Под предлогом увода раненых не расстроивать ряда! Каждый да будет вполне проникнут мыслию, что надо победить этих наемников Англии, воодушевленных такою ненавистью против нашей нации. Эта победа окончит наш поход, и мы можем возвратиться на зимние квартиры, где застанут нас новые французские войска, которые формируются во Франции; и тогда мир, который я заключу, будет достоин моего народа, вас и меня.
Наполеон».


В 5 часов утра еще было совсем темно. Войска центра, резервов и правый фланг Багратиона стояли еще неподвижно; но на левом фланге колонны пехоты, кавалерии и артиллерии, долженствовавшие первые спуститься с высот, для того чтобы атаковать французский правый фланг и отбросить его, по диспозиции, в Богемские горы, уже зашевелились и начали подниматься с своих ночлегов. Дым от костров, в которые бросали всё лишнее, ел глаза. Было холодно и темно. Офицеры торопливо пили чай и завтракали, солдаты пережевывали сухари, отбивали ногами дробь, согреваясь, и стекались против огней, бросая в дрова остатки балаганов, стулья, столы, колеса, кадушки, всё лишнее, что нельзя было увезти с собою.
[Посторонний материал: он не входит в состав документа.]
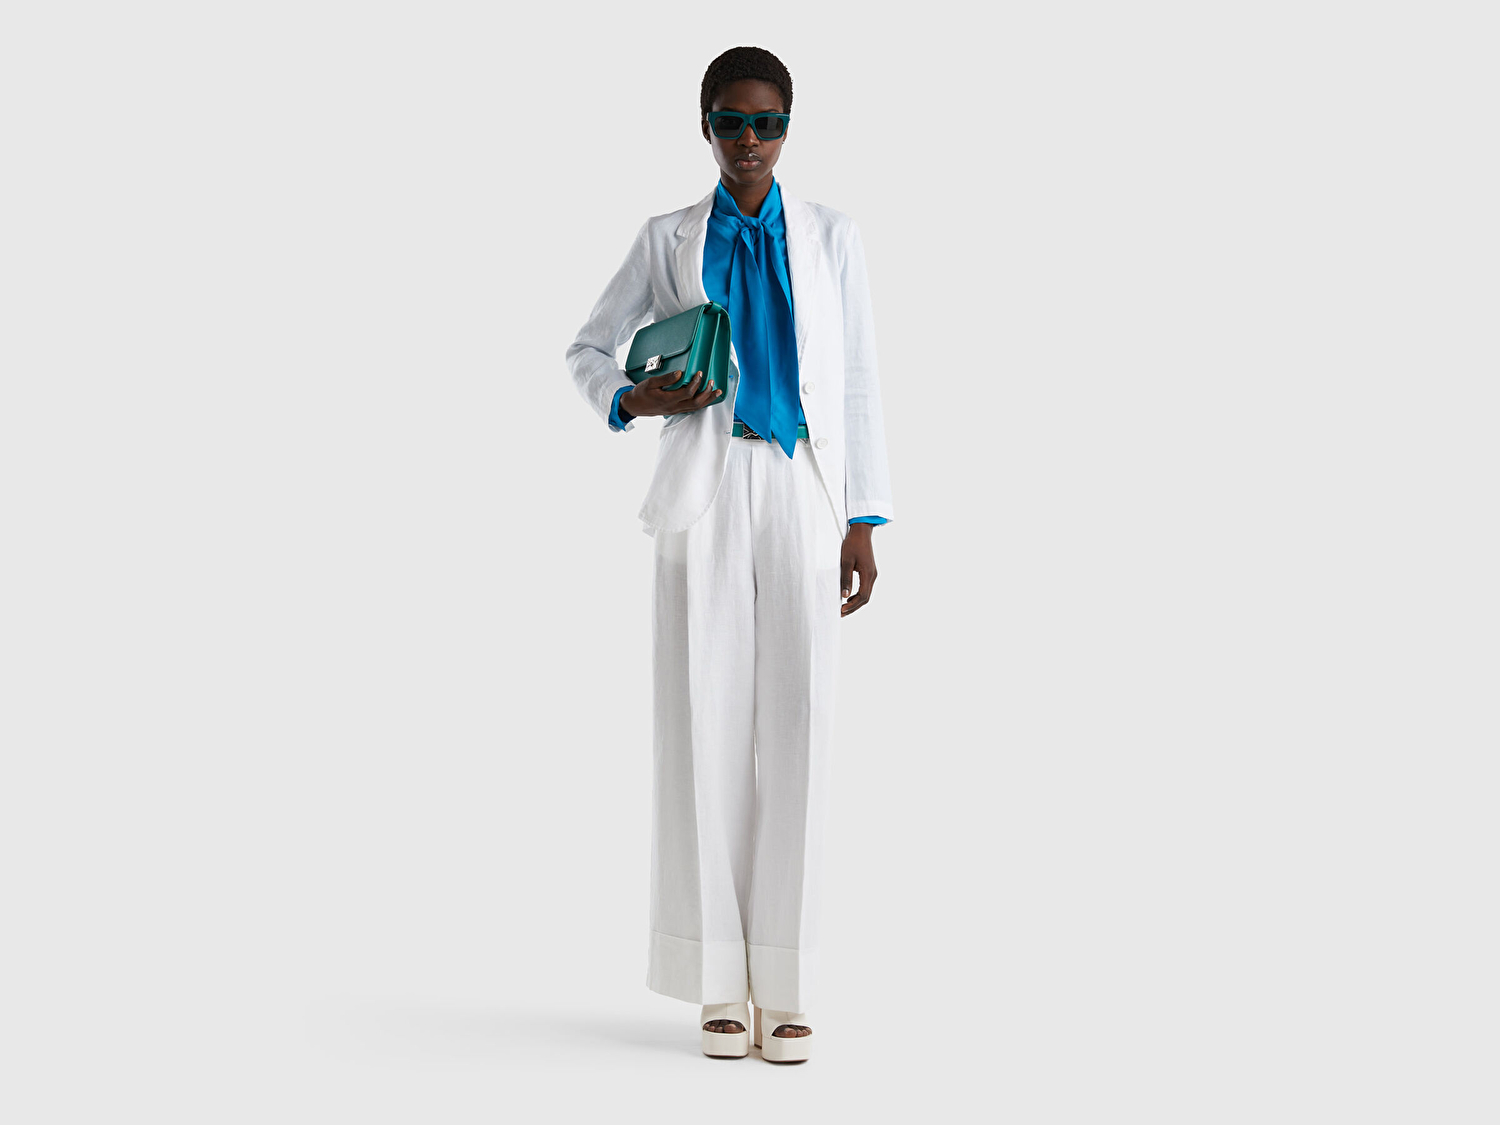 Benetton Kadın Beyaz %100 Keten Beli Lastikli Geniş Kesim Pantolon
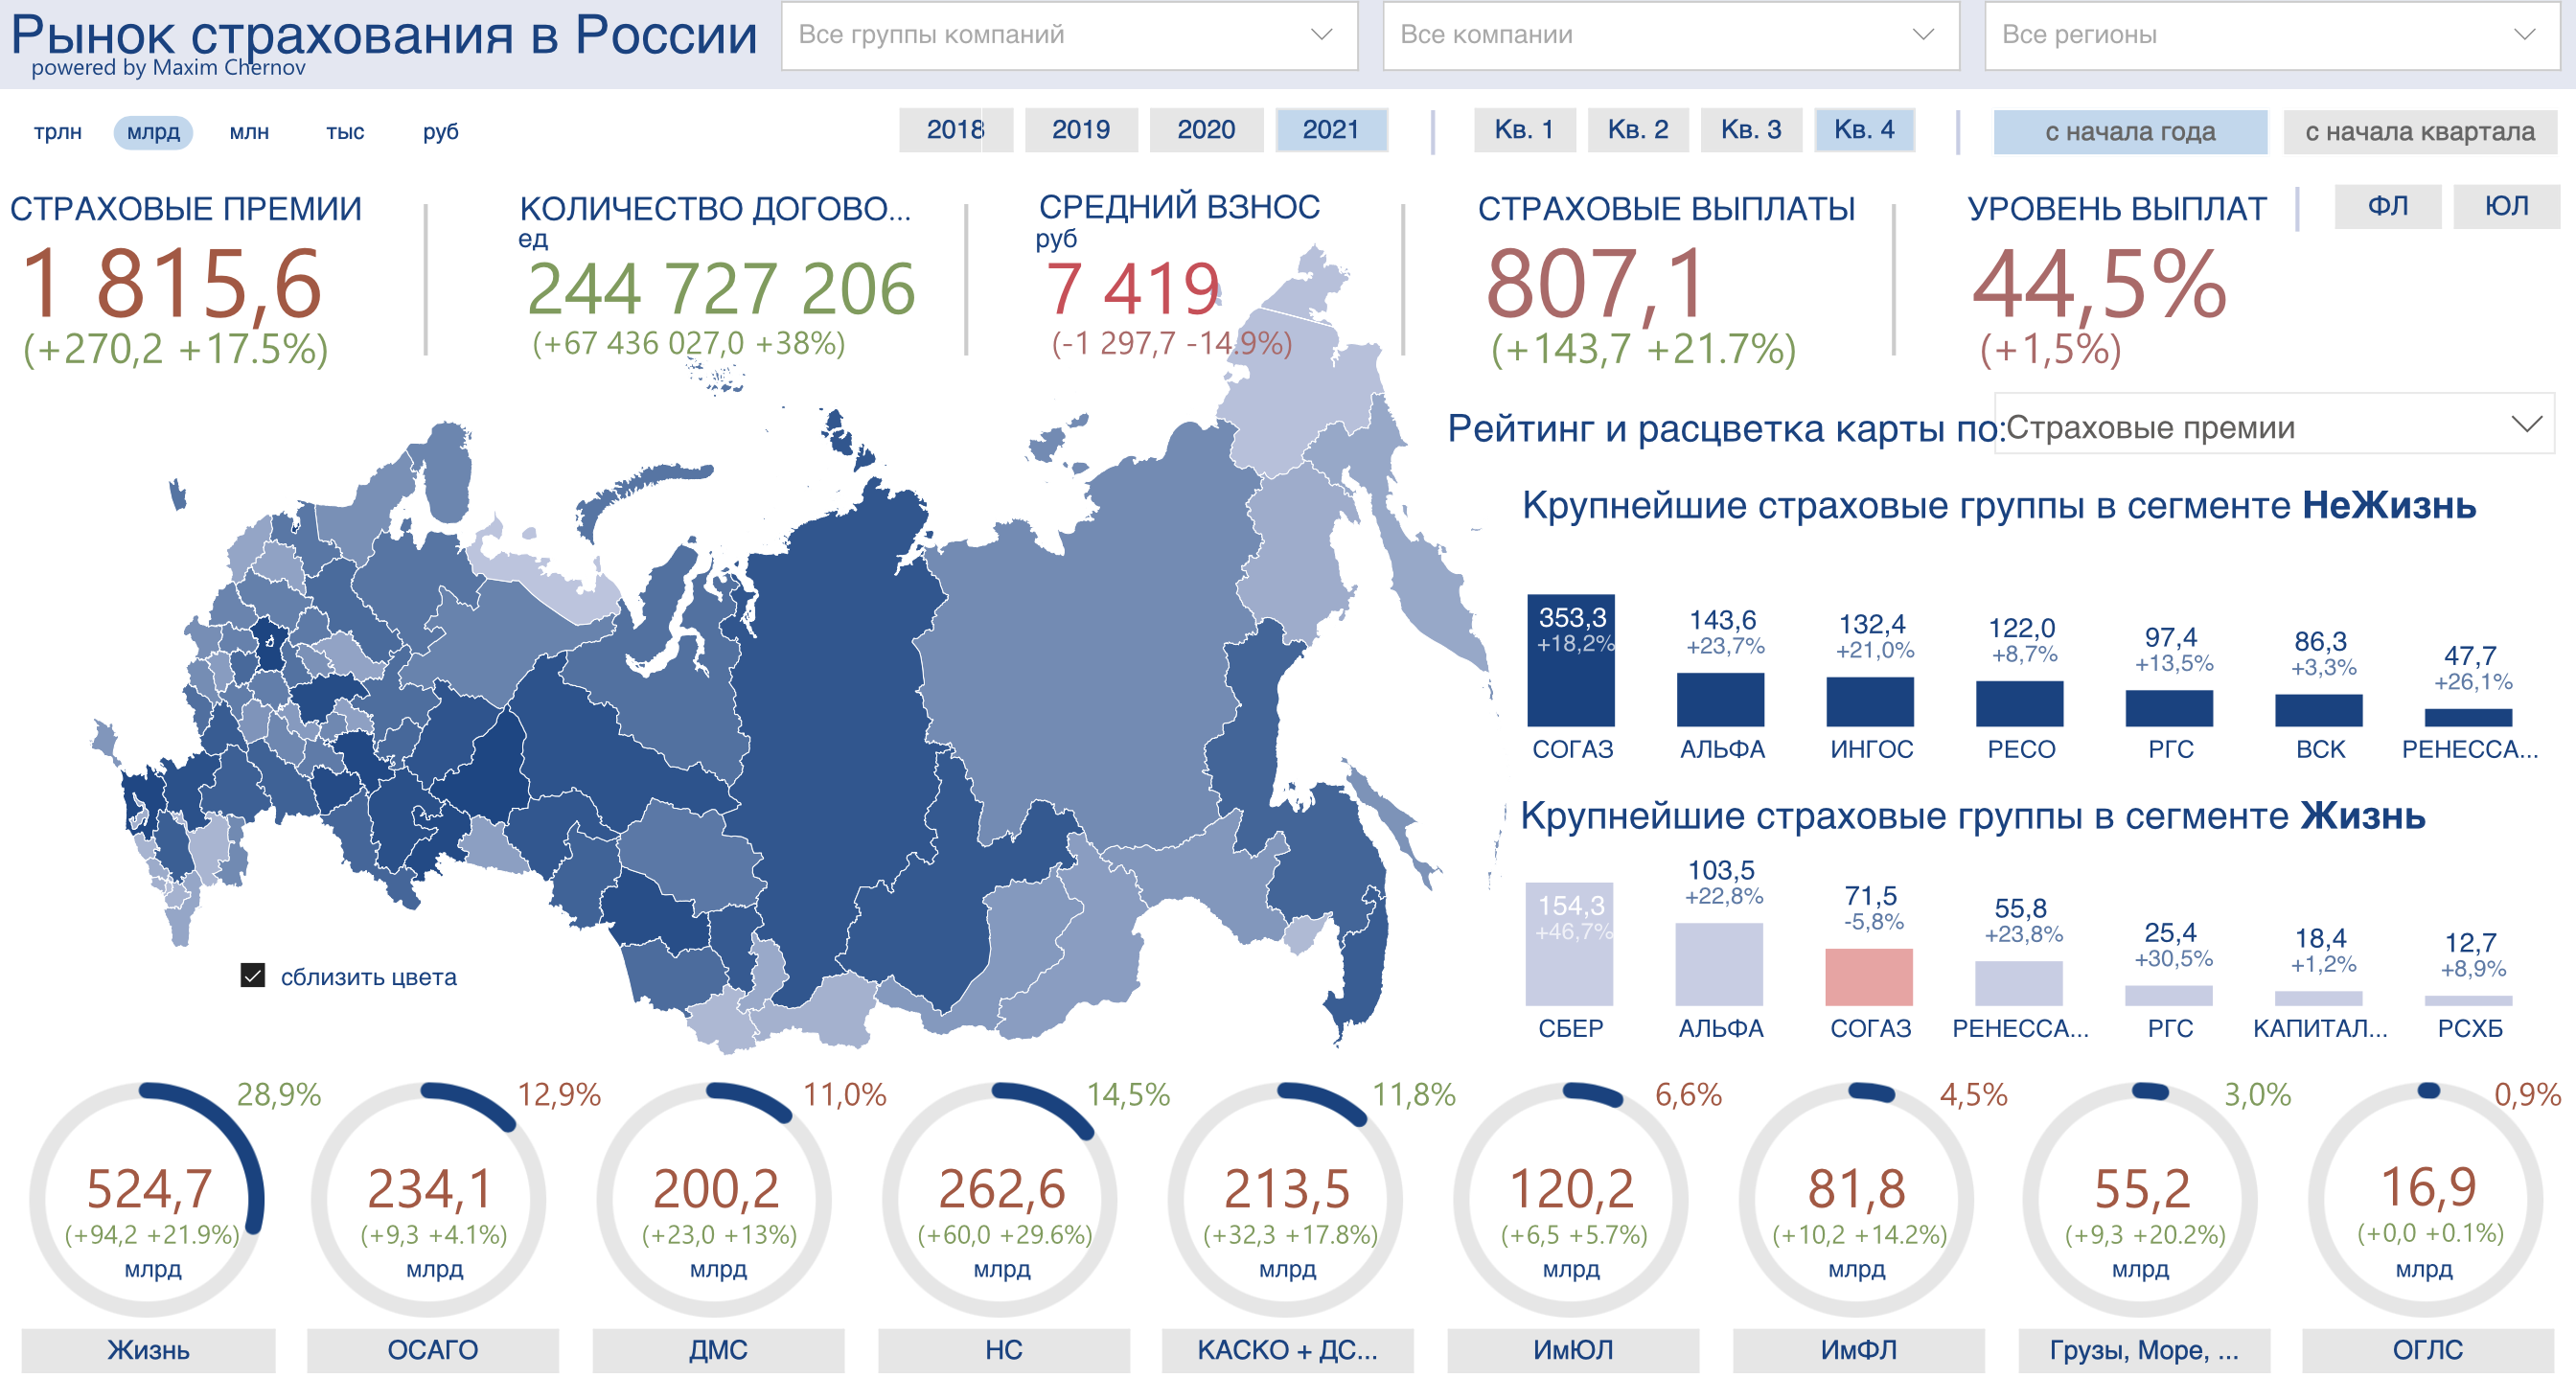 Рынок страхования в 2021 году превысил 1,8 трлн рублей

Австрийские колонновожатые сновали между русскими войсками и служили предвестниками выступления. Как только показывался австрийский офицер около стоянки полкового командира, полк начинал шевелиться: солдаты сбегались от костров, прятали в голенища трубочки, мешочки в повозки, разбирали ружья и строились. Офицеры застегивались, надевали шпаги и ранцы и, покрикивая, обходили ряды; обозные и денщики запрягали, укладывали и увязывали повозки. Адъютанты, батальонные и полковые командиры садились верхами, крестились, отдавали последние приказания, наставления и поручения остающимся обозным, и звучал однообразный топот тысячей ног. Колонны двигались, не зная куда и не видя от окружавших людей, от дыма и от усиливающегося тумана ни той местности, из которой они выходили, ни той, в которую они вступали.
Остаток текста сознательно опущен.